Having established a definition of metamorphosis in phenomenological terms, i.e. mainly in terms of the words used by Augustan poets to describe it, Zgoll discusses at equal length and depth what does not constitute metamorphosis in the strict sense (Part C). First of all, the appearance of a deity in disguise; second, transformation effected by means of magic; third, stories about the creation of men, plants and gods; fourth, the divinization of human beings; and fifth, the transformation into a star. Finally, Part D covers metamorphosis as a metaphor for adopting a new role or a change in behaviour, the slow transformation of Rome’s landscape or the shift of generic code within a single literary work. A summary (Part E) rounds off this solid piece of German scholarship, highlighting the main conclusions drawn from the detailed discussion in the previous four chapters.

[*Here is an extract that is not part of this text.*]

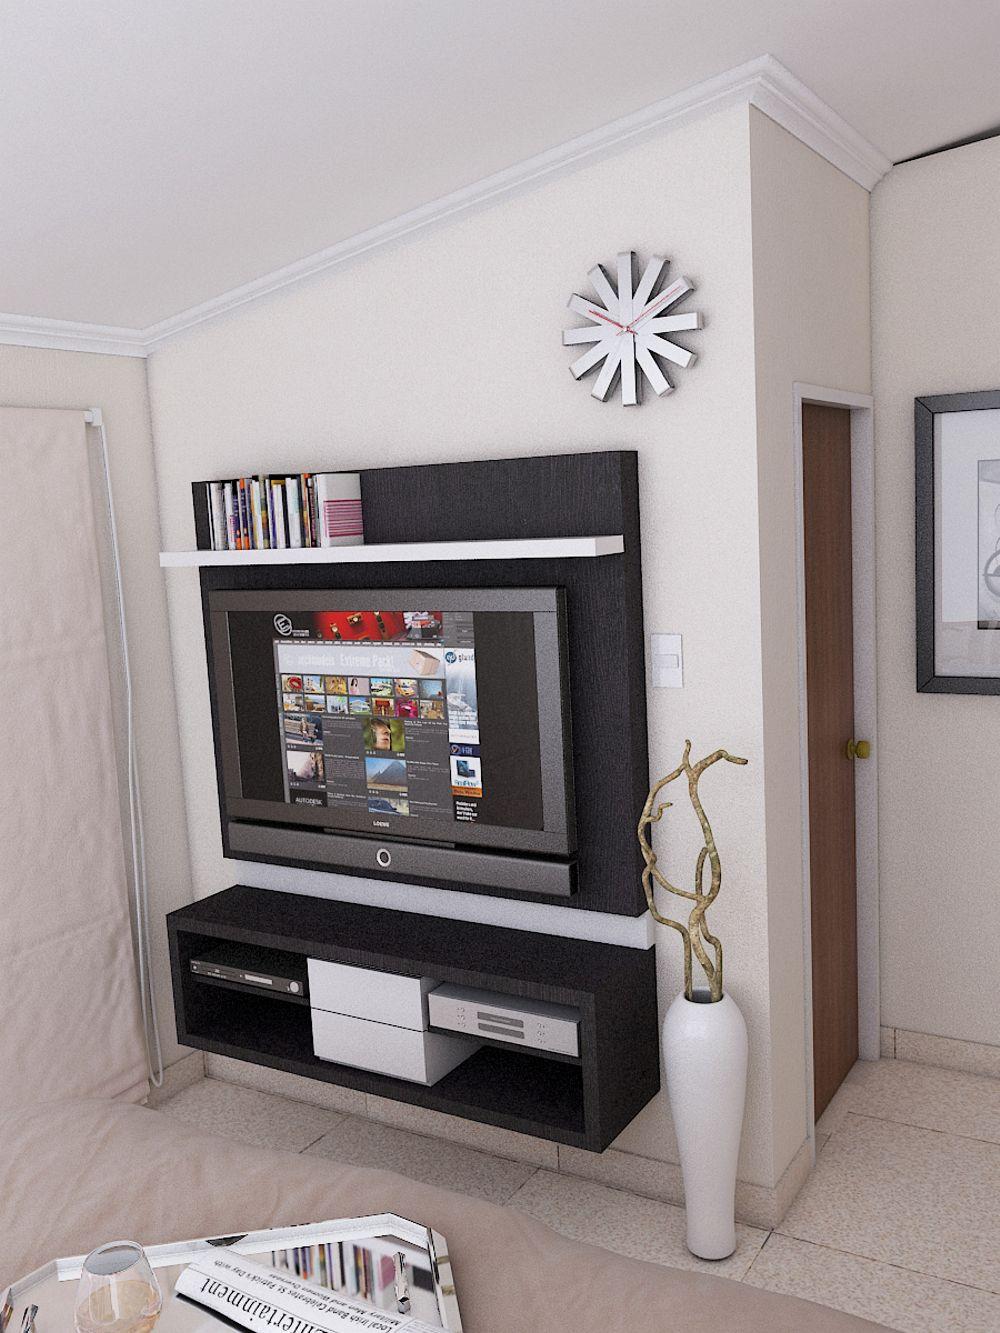 Arq carlos j martinez g interiorismo interior for Habitacion familiar en once
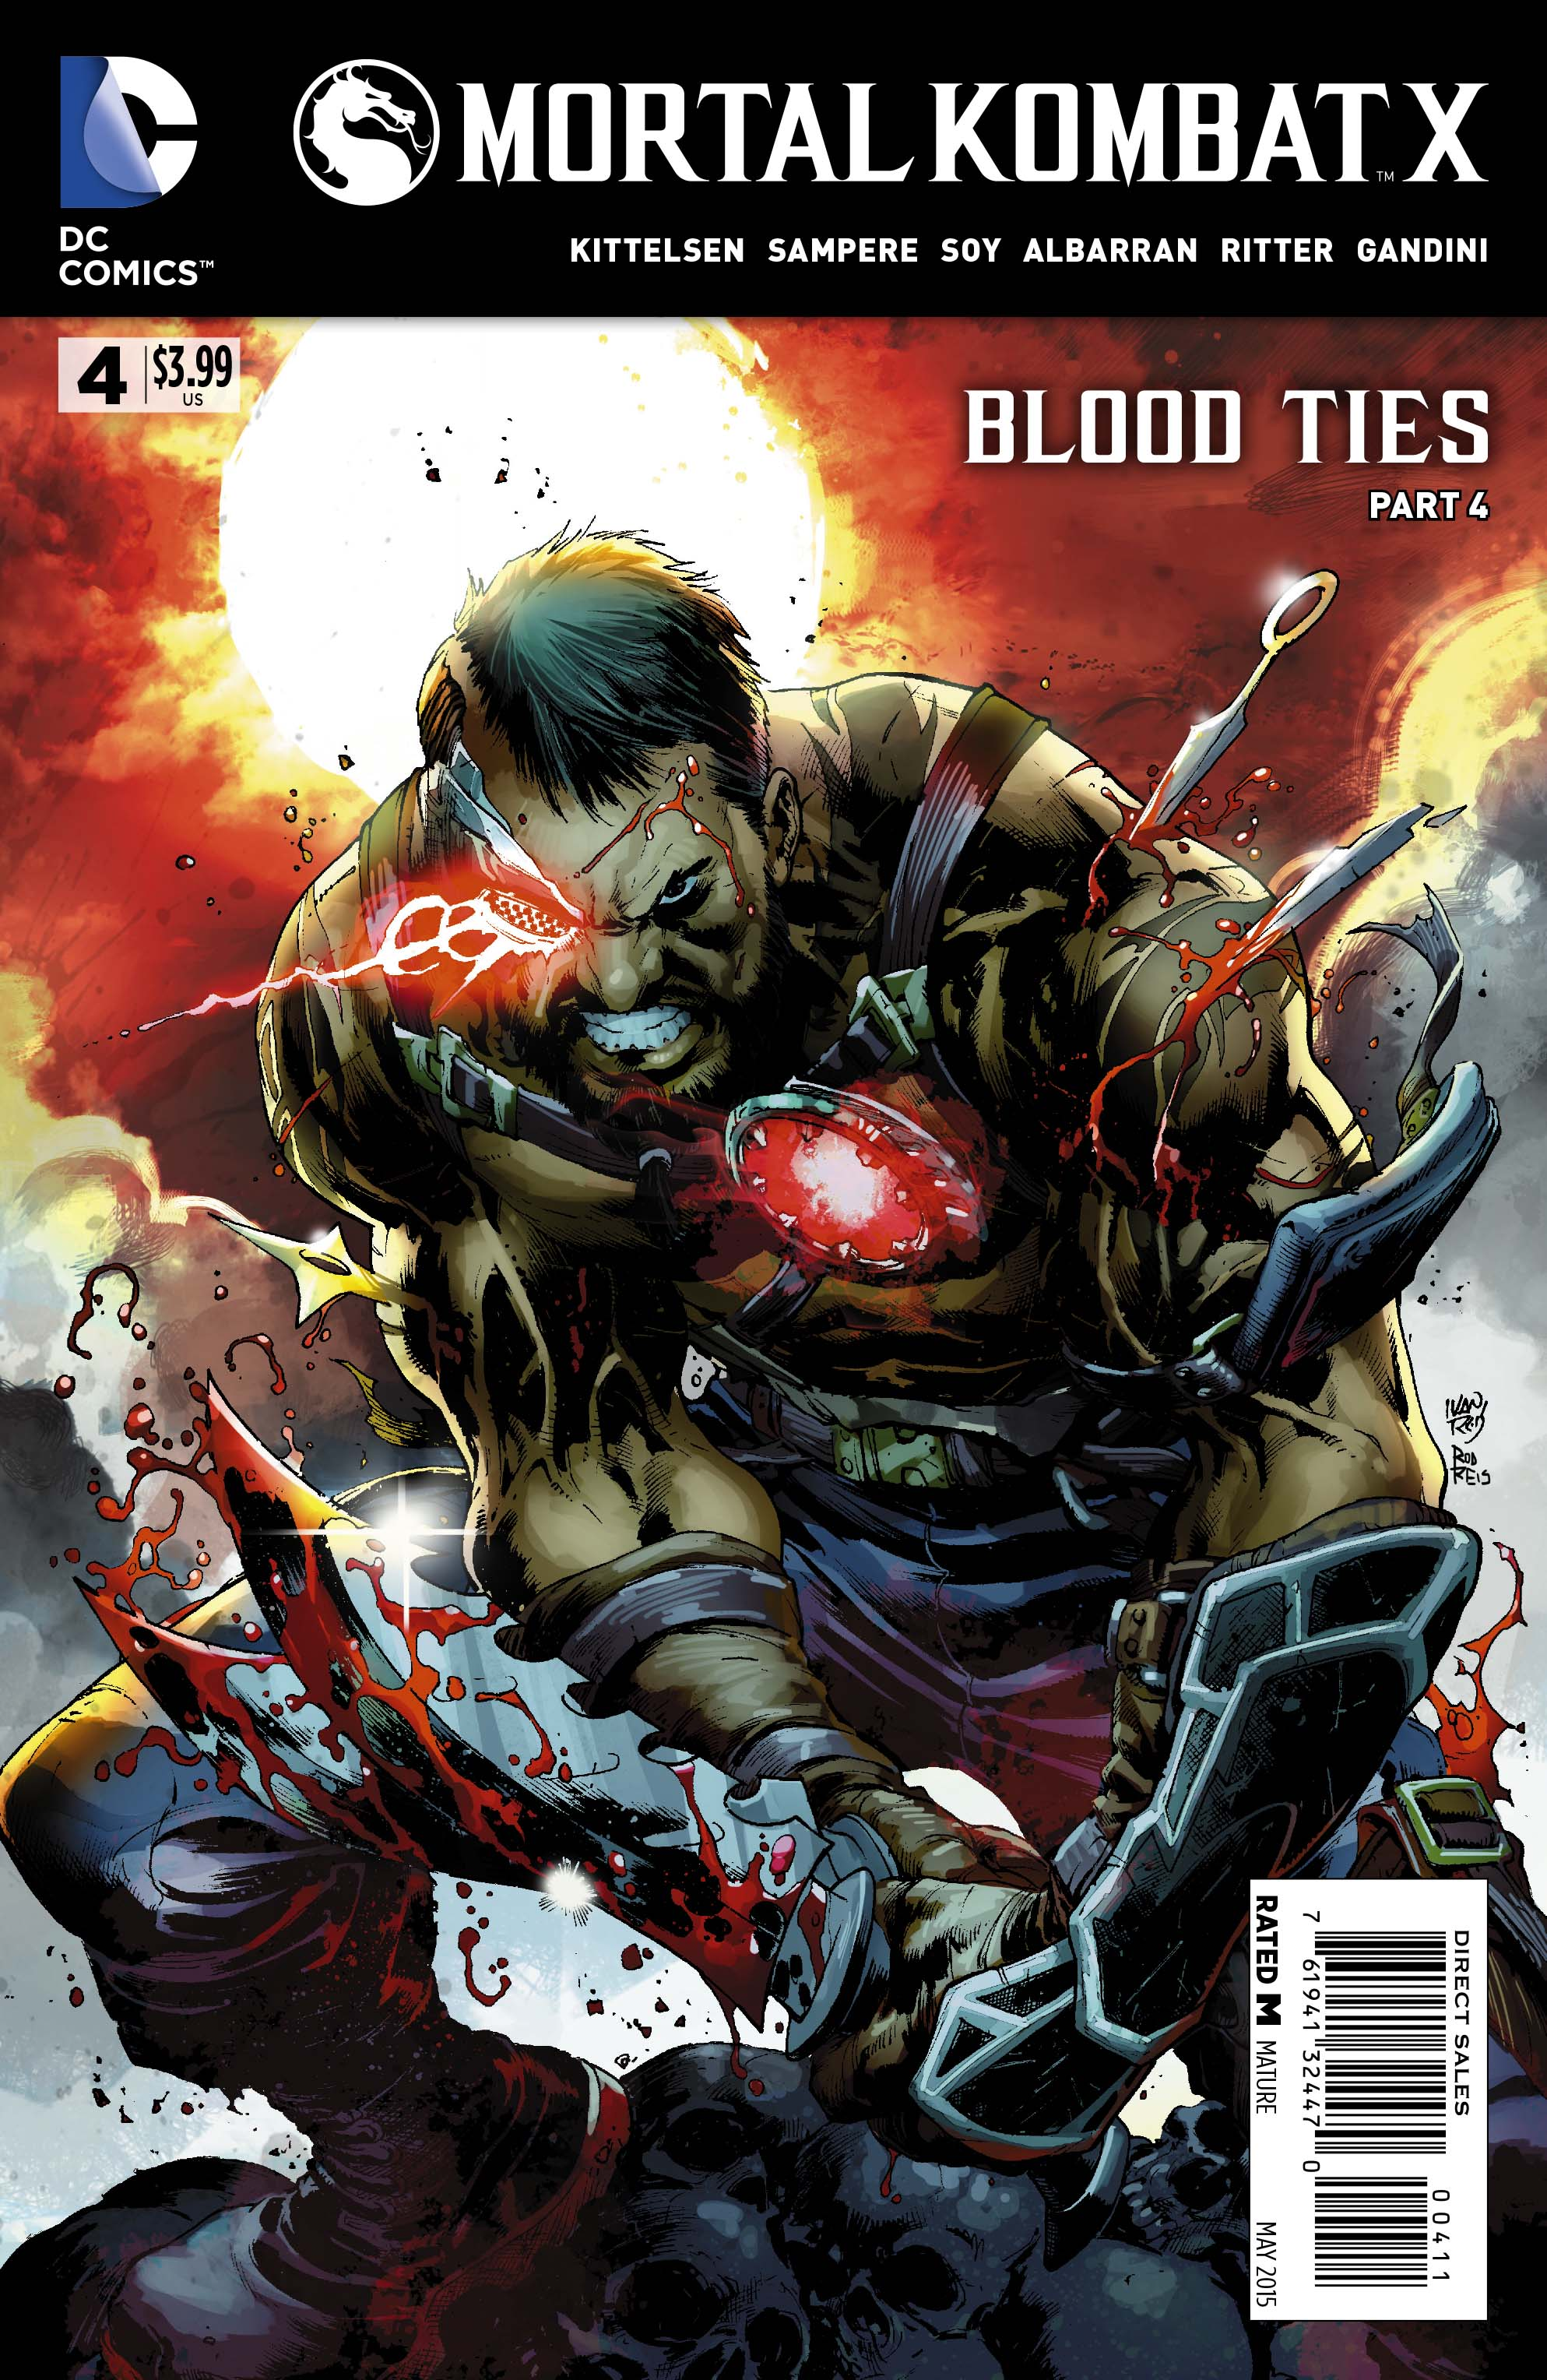 EXCLUSIVE Preview: MORTAL KOMBAT X #4 | 13th Dimension

Particularly important are his closing remarks on the particularity of Ovid’s conception of metamorphosis in the Metamorphoses : (a) the emphasis on the continuity between the initial human existence and the metamorphosed self instead of the traditionally sudden and unexpected character of metamorphosis, and (b) the metamorphic colouring of creation myths.
The bibliography (part H) is thorough and useful, but two items mentioned in footnotes have been left out: Matthews 1974 (p.62) and DeBrohun 1994 (p. 295).2 Commentaries and scholarly editions, in particular, are used extensively and profitably. Two minor blemishes are (a) the absence of reference to West’s different opinion regarding Hes. Theog. 563, cited in footnote 415 (page 235) and (b) the reproduction of a mistaken reference to Ov. am. 1,18,4 instead of 2,18,4 from Fedeli’s Teubner edition of Propertius on page 262. The book is equipped with a useful Appendix (Part F) and three Indices (Part G). The former presents clearly in tabular form all ancient metamorphic myths and includes references to the ancient sources. This may help the reader put the specific literary culture studied in the book within a wider context. The Indices (one for ancient authors, another one for names and a third one for objects) seem serviceable, even though it seems odd that the only name of a modern author listed in the Index of proper names is that of Cassirer.
A notable feature of Zgoll’s book is the mottos which preface each section: they are generally apposite and thought-provoking. By contrast, the thirteen figures could have been omitted: most of them are drawings of metamorphic myths, apparently reproducing ancient artefacts, which are nowhere identified, while the last one (on p. 325) depicts the stratification of the theme of metamorphosis put forward by Z. in a graph consisting of concentric circles and printed in letters too bold to be readable. The book is virtually free of typographical errors; only the Greek word
Metamorphosis, this apparent peculiarity of Greek myth, is a vast and complex issue. We must be thankful to Zgoll for this meticulous study of its reception in Augustan Rome. If not in any other respect, it is innovative in keeping out of consideration Ovid’s bible of metamorphic myth, which by Satan’s device, according to John Calvin, rendered suspicious the credibility of the metamorphic myths included in the Bible: Lot’s wife turned into a heap of salt and the resurrection of the dead.3
1. Metamorphosis in Greek Myths. Oxford 1990.
2. The latter must be Jeri Blair DeBrohun, ‘ Redressing Elegy’s Puella: Propertius IV and the Rhetoric of Fashion’, JRS 84, 1994, 41-63; the former is Victor J. Matthews, Panyassis of Halikarnassos, text and commentary (Mnemosyne Supplement 33), Leiden 1974.
3. Commentarius in Genesin 19.26 [Corpus Reformatorum XXIII, 278].